For Gonzalez, a new approach was needed to pay tribute to Puente's contributions to Latin jazz, given his crucial role in its development.

Born to Puerto Rican parents in New York's Spanish Harlem, the impeccably trained musician was a remarkable showman who moved the timbales to the front of the orchestra and made music that made people want to dance. He showed how at its best, Latin jazz fuses two remarkable traditions: the polyrhythmic sounds of Afro-Cuban music and big band jazz from North America.

Like the singer Celia Cruz, long a close friend of Puente, Gonzalez said the bandleader became a guardian of Afro-Cuban music in the United States after the island's 1959 revolution led to severed ties between the two countries.

"I want to say that he was responsible for keeping the essence of Afro-Cuban music not only alive but allowing it to survive and evolve," Gonzalez said. "He didn't like the term salsa. He knew. He clearly identified the different styles whether a song was a guaguanco or if it was a son or clearly a bolero or guaracha and he would always make sure to educate the person on the other side where the roots or where the root of that song or that piece came from.

Puente
Latin-Jazz percussionist and bandleader Tito Puente leads his Orchestra at a JVC Jazz Festival performance at Carnegie Hall in New York City on June 23, 1991.
MIKE ALBANS/ASSOCIATED PRESS

"It's ironic that it wasn't a Cuban but actually someone of Puerto Rican descent and that grew up in the U.S. But he had a great love for that music. Absolutely."

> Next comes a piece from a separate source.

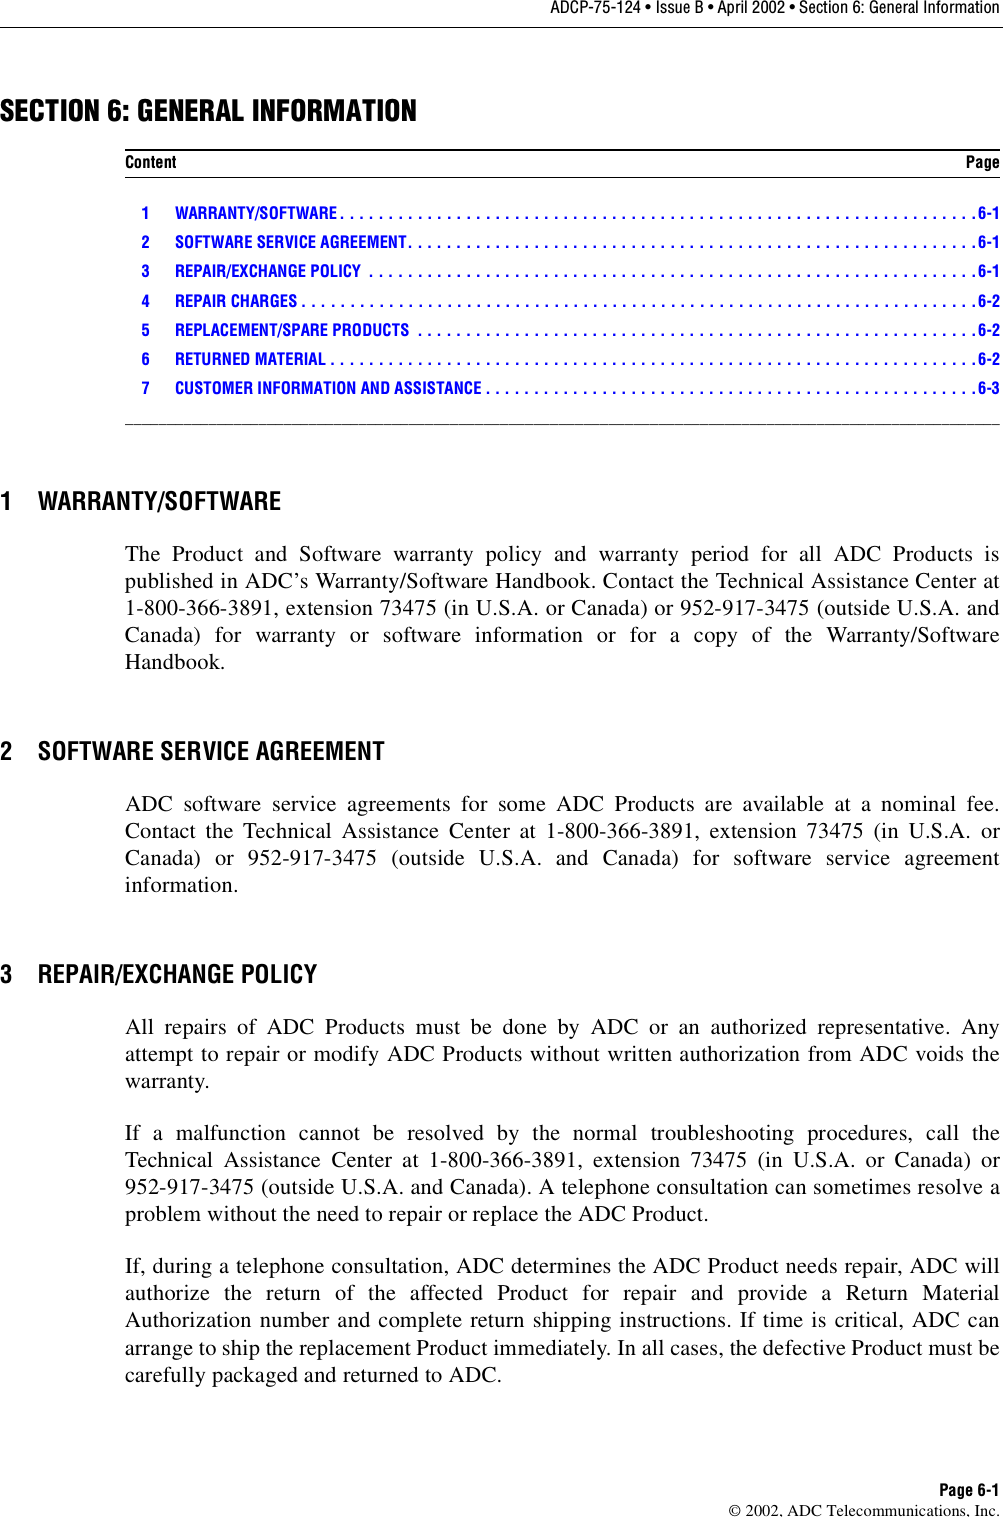 ADCP-75-124 • Issue B • April 2002 • Section 6: General InformationPage 6-1©2002, ADC Telecommunications, Inc.SECTION 6: GENERAL INFORMATION1 WARRANTY/SOFTWARE . . . . . . . . . . . . . . . . . . . . . . . . . . . . . . . . . . . . . . . . . . . . . . . . . . . . . . . . . . . . . . . . . .6-12 SOFTWARE SERVICE AGREEMENT. . . . . . . . . . . . . . . . . . . . . . . . . . . . . . . . . . . . . . . . . . . . . . . . . . . . . . . . . . .6-13 REPAIR/EXCHANGE POLICY  . . . . . . . . . . . . . . . . . . . . . . . . . . . . . . . . . . . . . . . . . . . . . . . . . . . . . . . . . . . . . . .6-14 REPAIR CHARGES . . . . . . . . . . . . . . . . . . . . . . . . . . . . . . . . . . . . . . . . . . . . . . . . . . . . . . . . . . . . . . . . . . . . . .6-25 REPLACEMENT/SPARE PRODUCTS  . . . . . . . . . . . . . . . . . . . . . . . . . . . . . . . . . . . . . . . . . . . . . . . . . . . . . . . . . .6-26 RETURNED MATERIAL . . . . . . . . . . . . . . . . . . . . . . . . . . . . . . . . . . . . . . . . . . . . . . . . . . . . . . . . . . . . . . . . . . .6-27 CUSTOMER INFORMATION AND ASSISTANCE . . . . . . . . . . . . . . . . . . . . . . . . . . . . . . . . . . . . . . . . . . . . . . . . . . .6-3_________________________________________________________________________________________________________1 WARRANTY/SOFTWAREThe Product and Software warranty policy and warranty period for all ADC Products ispublished in ADC’s Warranty/Software Handbook. Contact the Technical Assistance Center at1-800-366-3891, extension 73475 (in U.S.A. or Canada) or 952-917-3475 (outside U.S.A. andCanada) for warranty or software information or for acopy of the Warranty/SoftwareHandbook.2 SOFTWARE SERVICE AGREEMENTADC software service agreements for some ADC Products are available at anominal fee.Contact the Technical Assistance Center at 1-800-366-3891, extension 73475 (in U.S.A. orCanada) or 952-917-3475 (outside U.S.A. and Canada) for software service agreementinformation.3 REPAIR/EXCHANGE POLICYAll repairs of ADC Products must be done by ADC or an authorized representative. Anyattempt to repair or modify ADC Products without written authorization from ADC voids thewarranty.If amalfunction cannot be resolved by the normal troubleshooting procedures, call theTechnical Assistance Center at 1-800-366-3891, extension 73475 (in U.S.A. or Canada) or952-917-3475 (outside U.S.A. and Canada). Atelephone consultation can sometimes resolve aproblem without the need to repair or replace the ADC Product.If, during atelephone consultation, ADC determines the ADC Product needs repair, ADC willauthorize the return of the affected Product for repair and provide aReturn MaterialAuthorization number and complete return shipping instructions. If time is critical, ADC canarrange to ship the replacement Product immediately. In all cases, the defective Product must becarefully packaged and returned to ADC.Content Page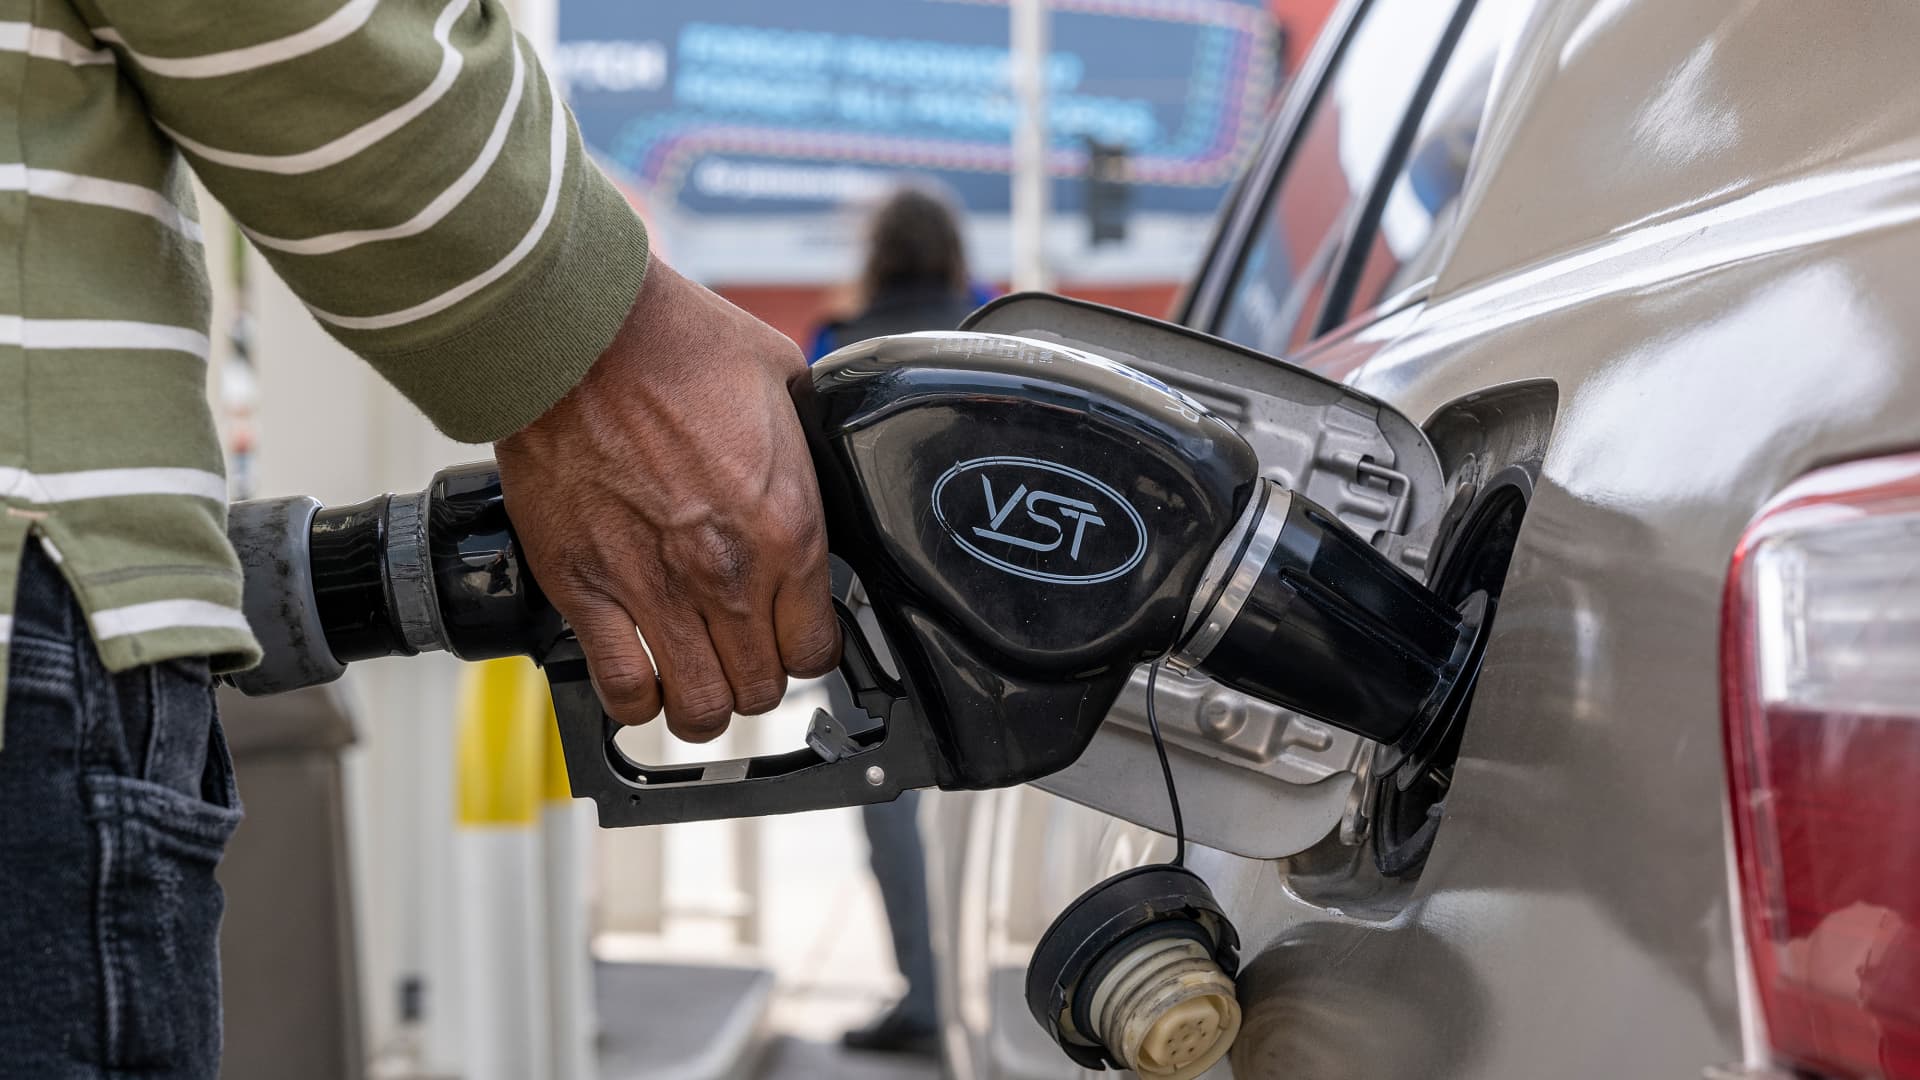 A customer holds a fuel nozzle at a gas station in San Francisco, California, U.S., on Wednesday, April 27, 2022. California is set for an automatic increase in its fuel tax July 1 after Governors Gavin Newsom failed to convince lawmakers to pause the hike, part of his plan to bring relief to residents in the state with the most expensive gasoline.

Puente's work was ground breaking. He was among the first to influse dance music with the drumming rituals of Afro-Cuban religious music, as he did on the song "Elegua Chango," from the album "Cuban Carnival."

"You hear the great influence there of the Afro-Cuban ritual, ritualistic sounds, the drums and the timing too there at the beginning and ...the combination of the harmonies that you hear traditionally in American jazz and even some Eastern European music as well combined with, with him, his percussion and everything else that he was doing at the time," Gonzalez said. "The band is having fun playing the piece."

On Revolving Bandstand, Puente's orchestra was in the recording studio at the same time as bandleader Buddy Morrow's, an innovative technique for the time.

"Puente] would put the emphasis, for example, on the mambo side of the track and if it was a little bit more swing, Buddy Morrow's orchestra would carry over," Gonzalez said. "But they would be both playing at the same time and it was a very unique situation at the time to have both orchestras playing face to face."

As important as the four recordings are, Gonzalez doesn't want anyone to think that they defined Puente's career. Indeed, by the end of his life, Puente had recorded well over 100 albums. He also was the first musician to play the vibes in Latin music.

"Tito did great works after these four albums too," Gonzalez said. "I always point that out whenever I speak to someone about this collection here. I don't want it to seem that these were the four albums and then everything else, you know, blah. Absolutely not. He kept on evolving and there were really great stuff that he did later on in his career.

"He set a standard, really, for all the others that followed."